Miracles Misunderstood

by Tim Hall
A remarkable story has come out of New York City. On December 7, Alcides Moreno and his brother were washing windows on a Manhattan skyscraper when their scaffolding collapsed. They plunged 47 stories to the ground below, a fall of about 500 feet. The brother was killed, but Alcides survived and was placed on life support. On Christmas Day he spoke for the first time since the accident. Doctors now expect him to walk again.
Dr. Philip Barie, chief of surgery, spoke what many are thinking: “If you are a believer in miracles, this would be one.” Mrs. Moreno certainly believes; “Thank God for the miracle that we had,” she said in the Associated Press story released on January 3.
We do not hesitate to give glory to God for amazing recoveries like Alcides’. James instructed Christians to pray in times of sickness (James 5:13), pointing to help that is greater than any medicine. Man’s best efforts often fall short, but God’s surpassing power and wisdom can do what man’s abilities cannot.
But was the survival and recovery of Alcides Moreno a miracle?
A true miracle occurred on the island of Malta long ago.

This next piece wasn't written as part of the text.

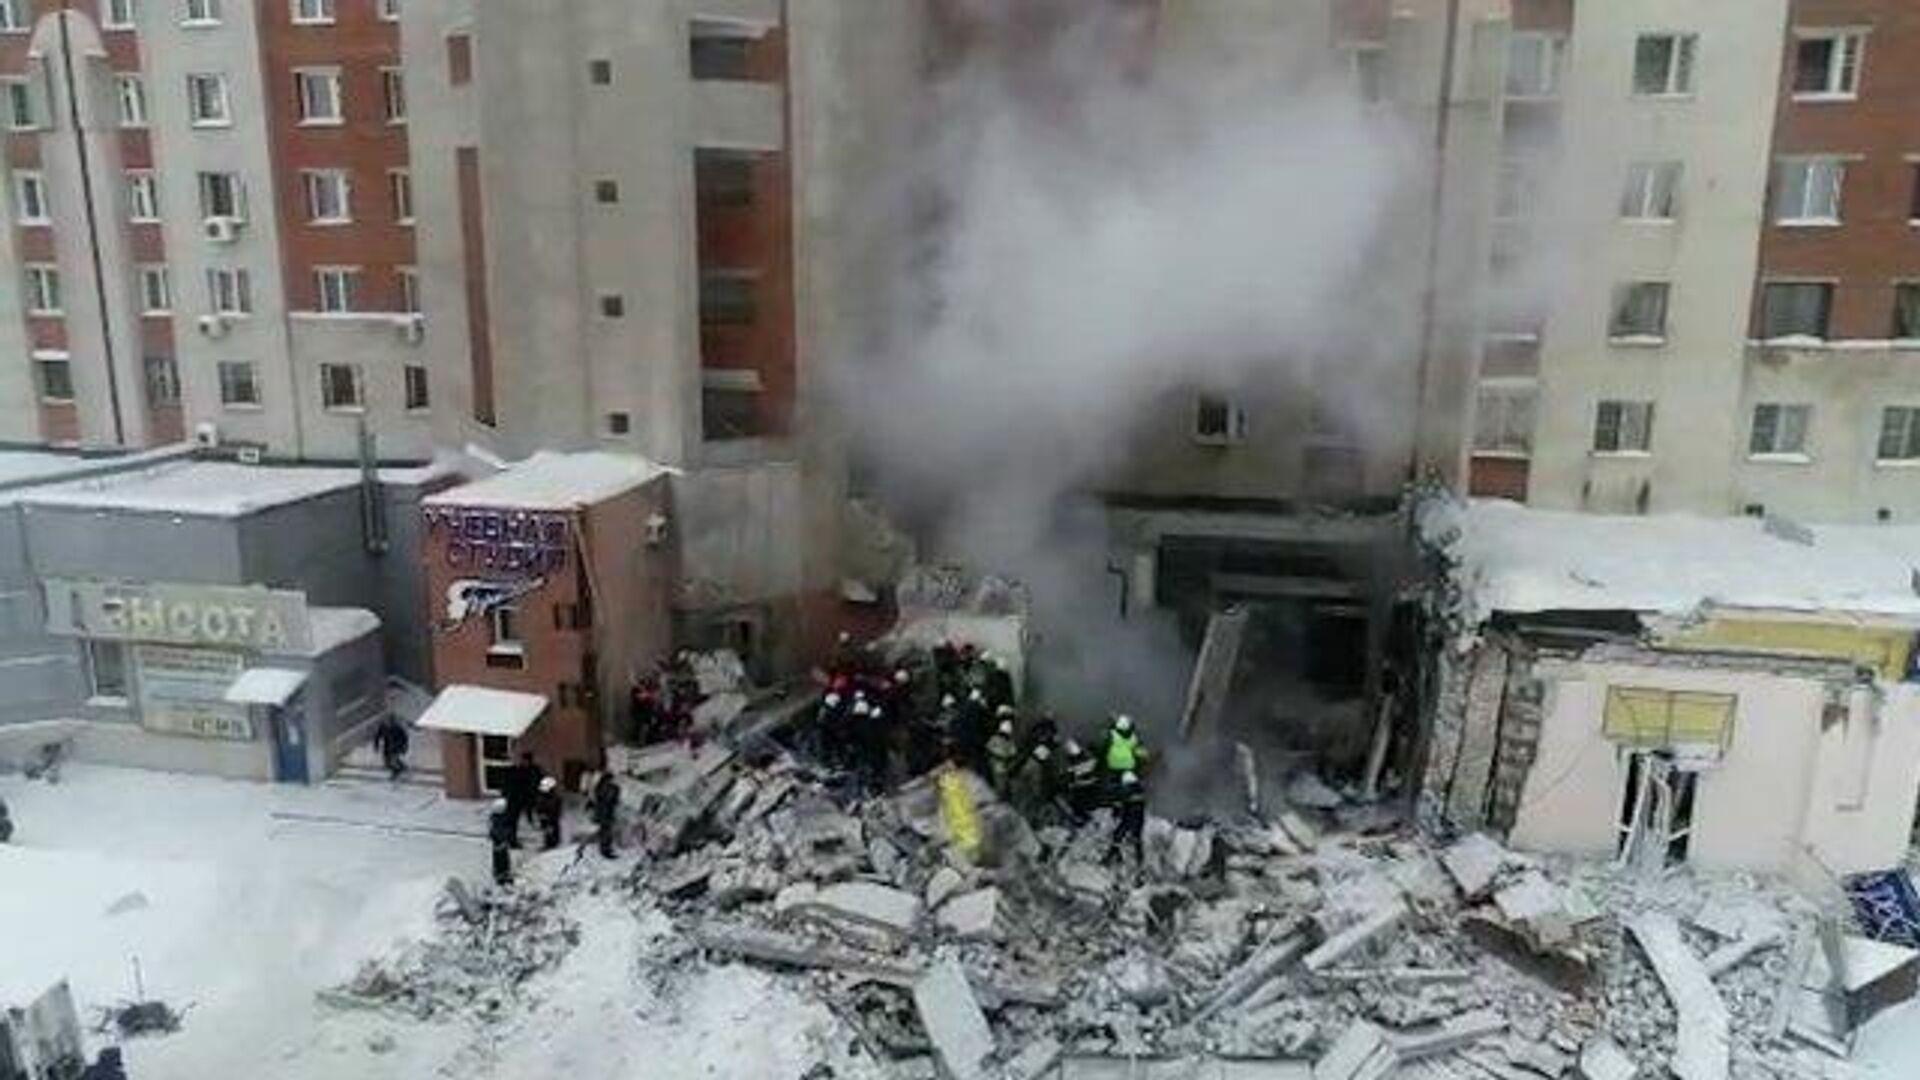 Последствия взрыва газа в Нижнем Новгороде. Кадры МЧС - РИА Новости, 1920, 26.02.2021
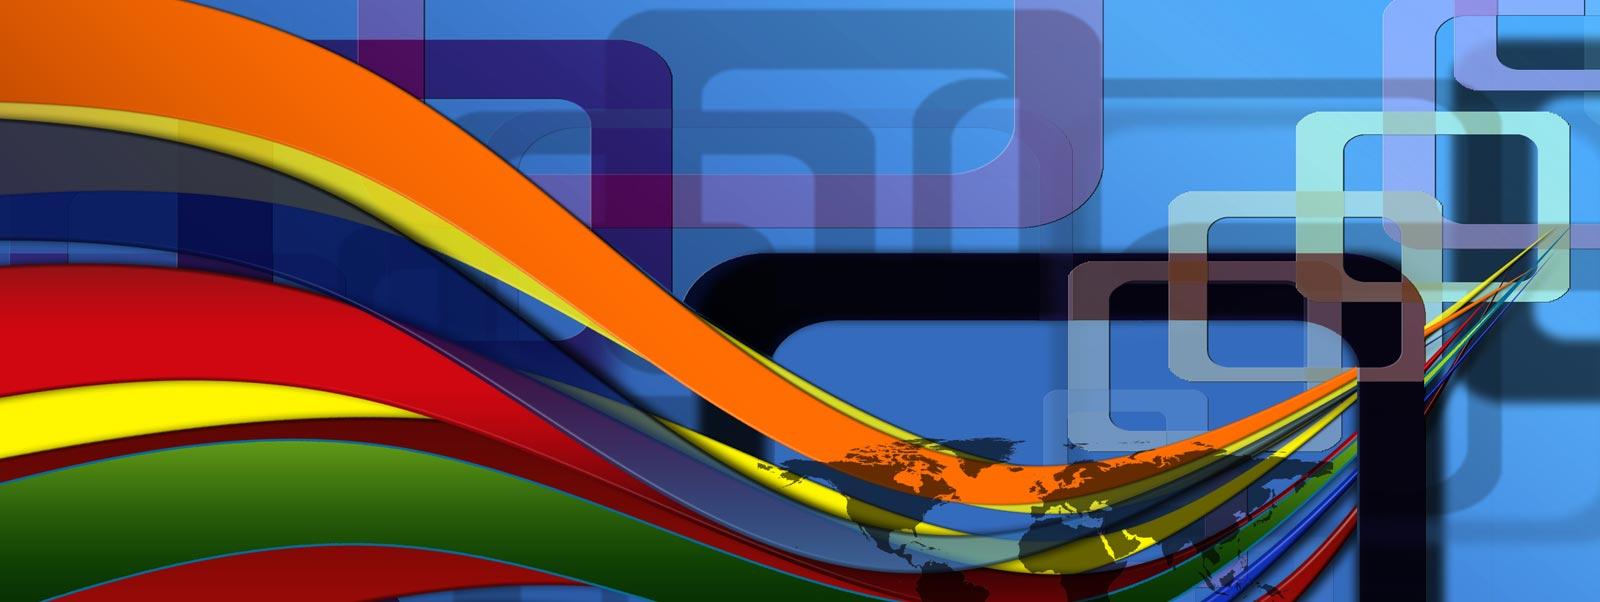 Leistungen: Webdesign, Betreuung, Optimierung und Pflege von Internetseiten.

The apostle Paul had picked up an armload of sticks to place on the fire, and “a viper came out because of the heat, and fastened on his hand” (Acts 28:3, NKJV). Bystanders were convinced Paul was receiving divine punishment, knowing he could not survive the bite of such a poisonous creature. After seeing no ill effects develop, however, they changed their minds and decided Paul must be a god!
What was this incident all about? Jesus had foretold such things would happen with those early ambassadors of Christianity: “And these signs will follow those who believe: In my name they will cast out demons; they will speak with new tongues; they will take up serpents; and if they drink anything deadly, it will by no means hurt them …” (Mark 16:17,18). All of those feats mentioned by Jesus are true miracles. They don’t happen unless divine power supersedes natural law.
It’s extremely rare that a person can fall 500 feet and live to tell about it. But Alcides suffered great physical harm in the process. What if he had suffered no ill effects? What if his brother had not been killed? Those would be true miracles of Biblical proportions. Paul, as we saw, spent no time in ICU; the natives saw that “no harm came to him” (Acts 28:6). He was miraculously spared the harm that normally comes from snake venom.
Amazing things sometimes happen in our world. Let’s be careful to realize the difference between “amazing” and “miraculous.” Miracles were a temporary phenomenon for the first years of a new message from God (see 1 Corinthians 13:8-10, for example). We see nothing today that resembles the miracles of New Testament times.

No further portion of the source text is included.